Attempt to silence: A potentially explosive trial is being held in London over an alleged plot to kill Netherlands-based Pakistani journalist Waqass Goraya. The court was told by the prosecutor that Muhammad Gohir Khan was hired by the Pakistani intelligence agency ISI to kill Goraya for his reports critical of the Pakistani government. Khan, who is alleged to have been offered 100,000 pounds to carry out the killing, was arrested in June last year. He has pleaded not guilty.
Tatas’ kiln investment: Tata Steel has announced a £4 million refurbishment of a major lime-making kiln at its Shapfell site in Cumbria, the Lake District. Tata says this will allow for the more efficient and sustainable supply of critical steelmaking material to its Port Talbot steelworks. Production began after the kiln was mothballed in 2016. This is a signal also of renewed faith in the steelworks at Port Talbot which has been under threat of closure for some time.
The Ashes burn: The England washout Down Under, and it nearly was 5-0 except that Australia offered a let-off at the end of the fourth Test that England was lucky to take, has set off a debate already on getting the team in shape for the next series in Australia in 2025-2026. That distant focus shows how England places the Ashes above all other cricket. Former England bowler Steve Finn stepped in to point out that focusing on the next Ashes is “disrespectful to the other teams you’re playing in between”.
Boris prays for business: Prime Minister Boris Johnson who has his back to the wall, is looking for some early success in trade talks with India to have something to show off to his opponents, and more, his once supporters. The PM has been hiding that Brexit is not delivering. The British government now wants an India trade deal to come to the rescue. This would be the time for the Indian government to bargain hard. There are enough signs though that India may well do the opposite.

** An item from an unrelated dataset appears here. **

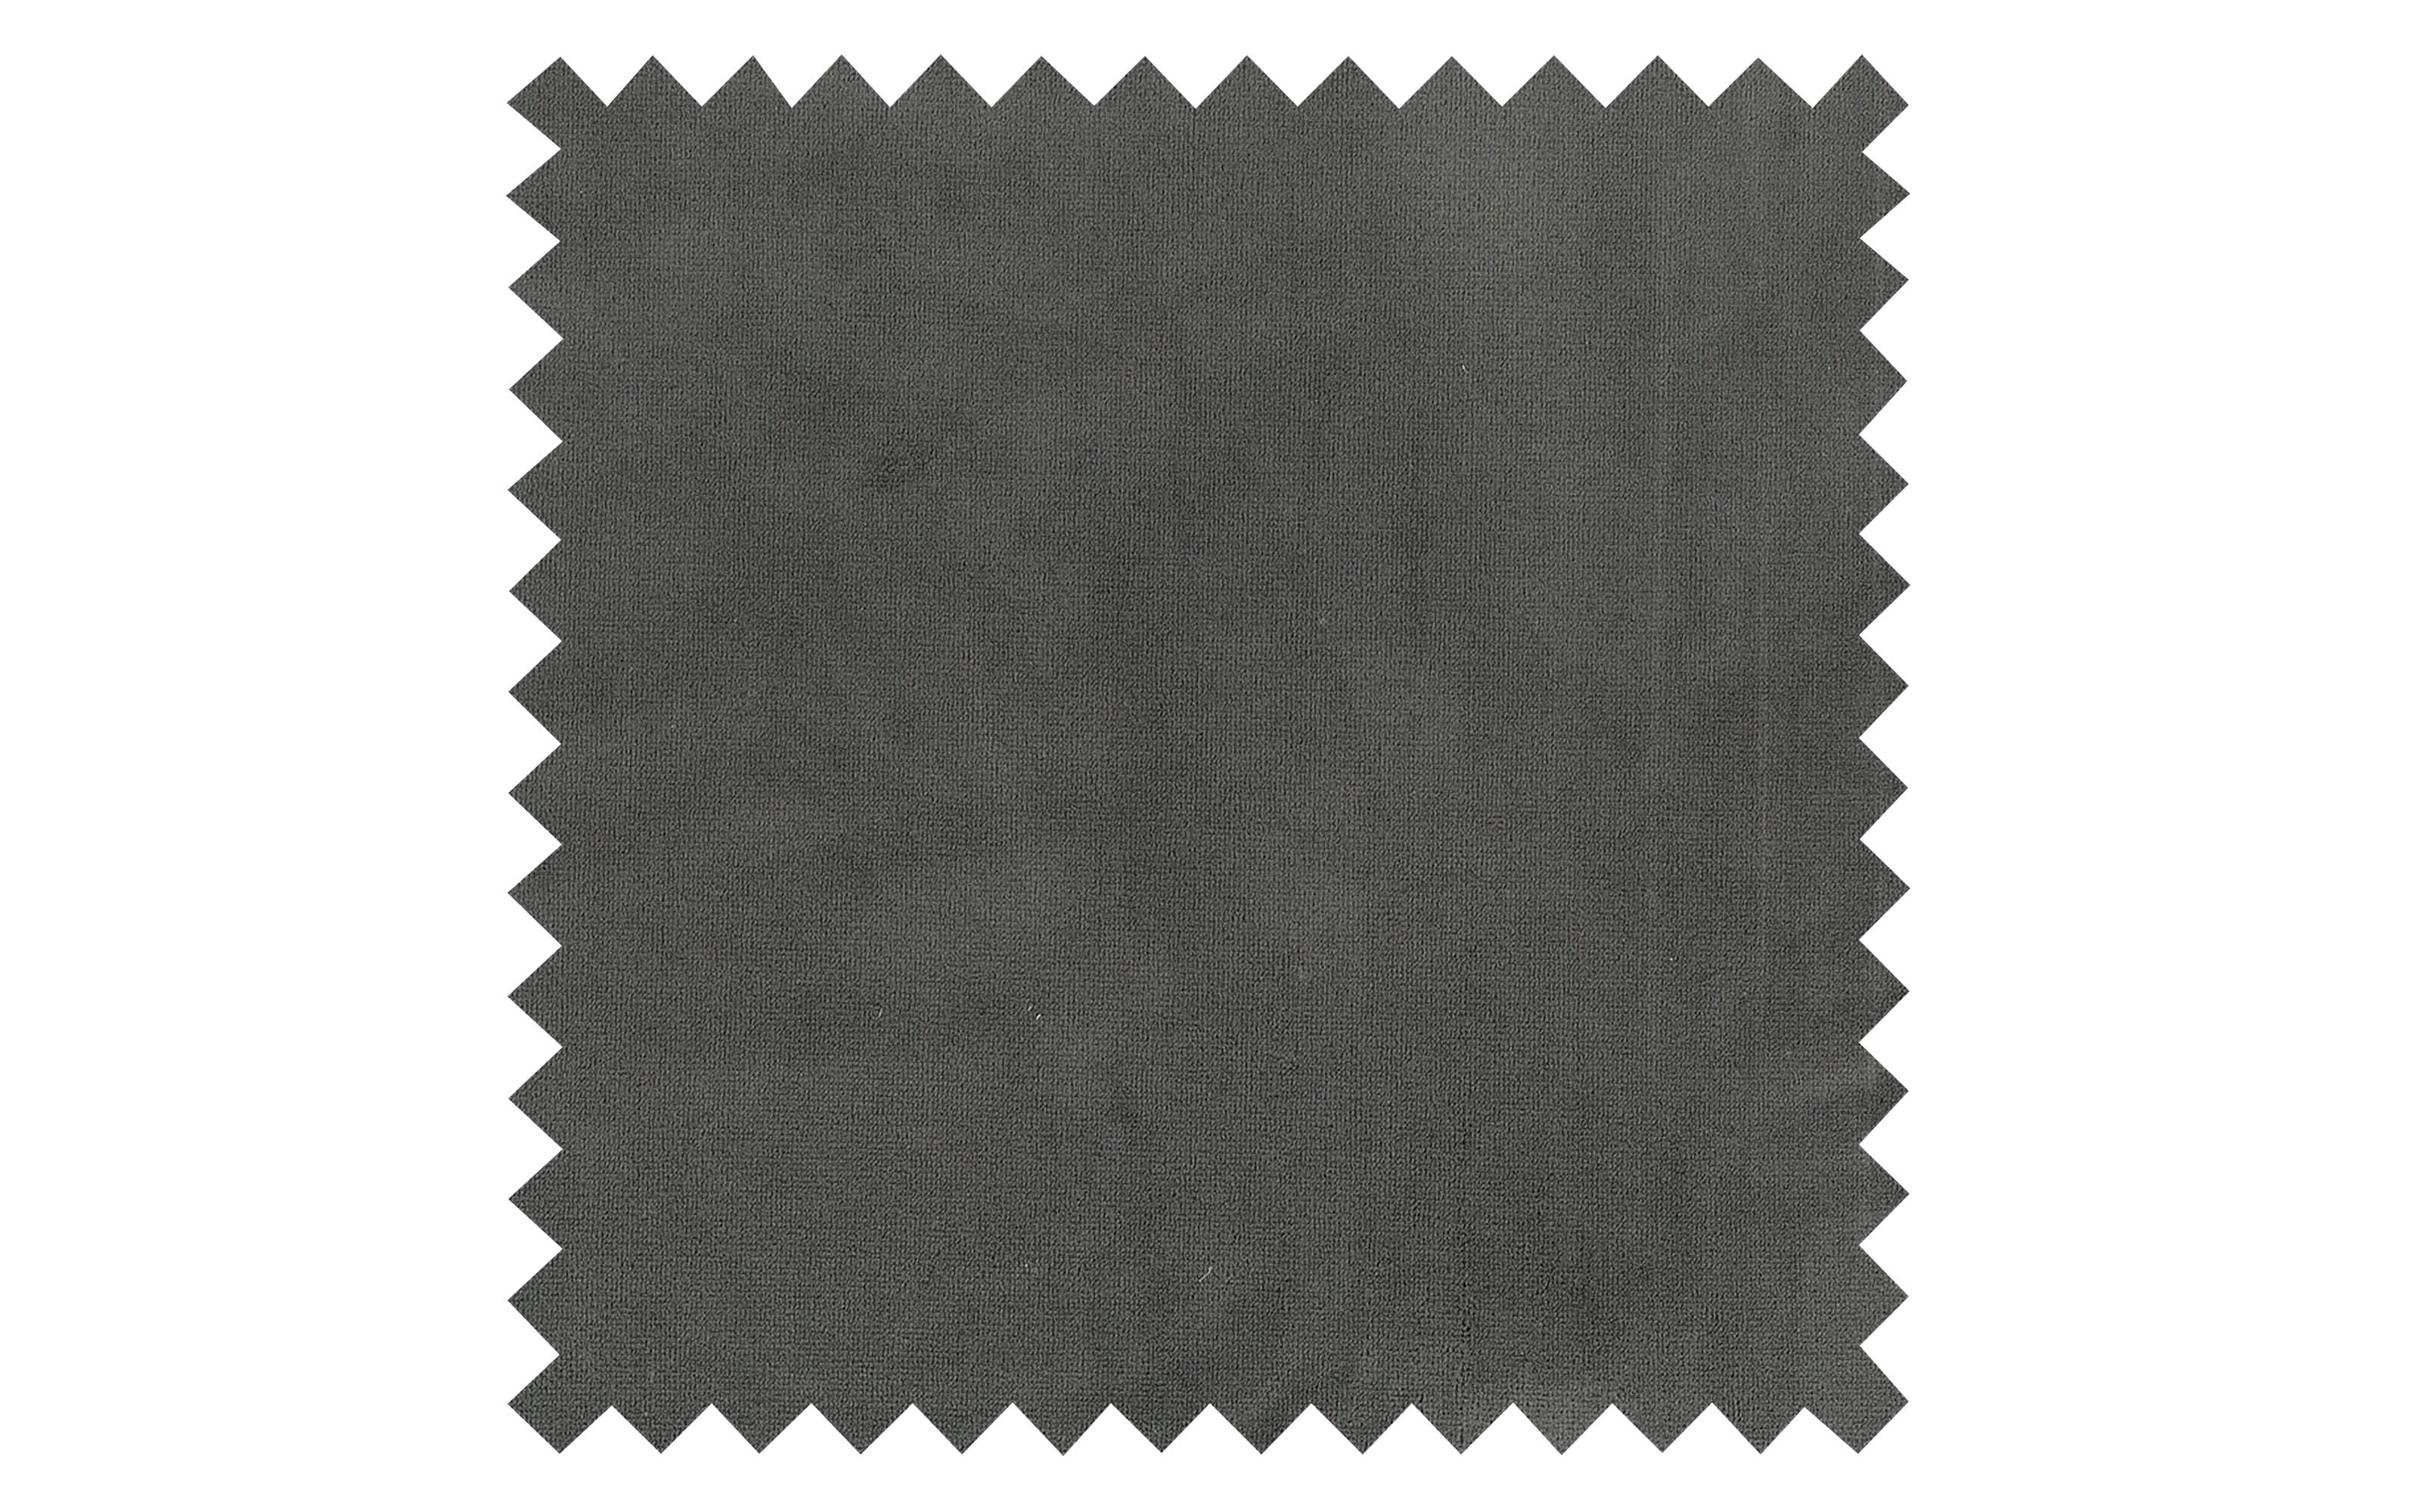 Boxspringbett Bella in grau, 180 x 200 cm, Härtegrad medium und fest

Opening up: Britain is due to lift all curbs and nearly all testing soon over Omicron. That makes medical sense of course; it’s far too late in the day for the current limited measures to curb its spread. And the spread, such as it is, is not worrying. But it also makes political sense for Boris Johnson; he wants to win the nation over as bearer of some good news. The spread of anger against Boris Johnson over parties at No. 10 may be harder to contain than the spread of omicron.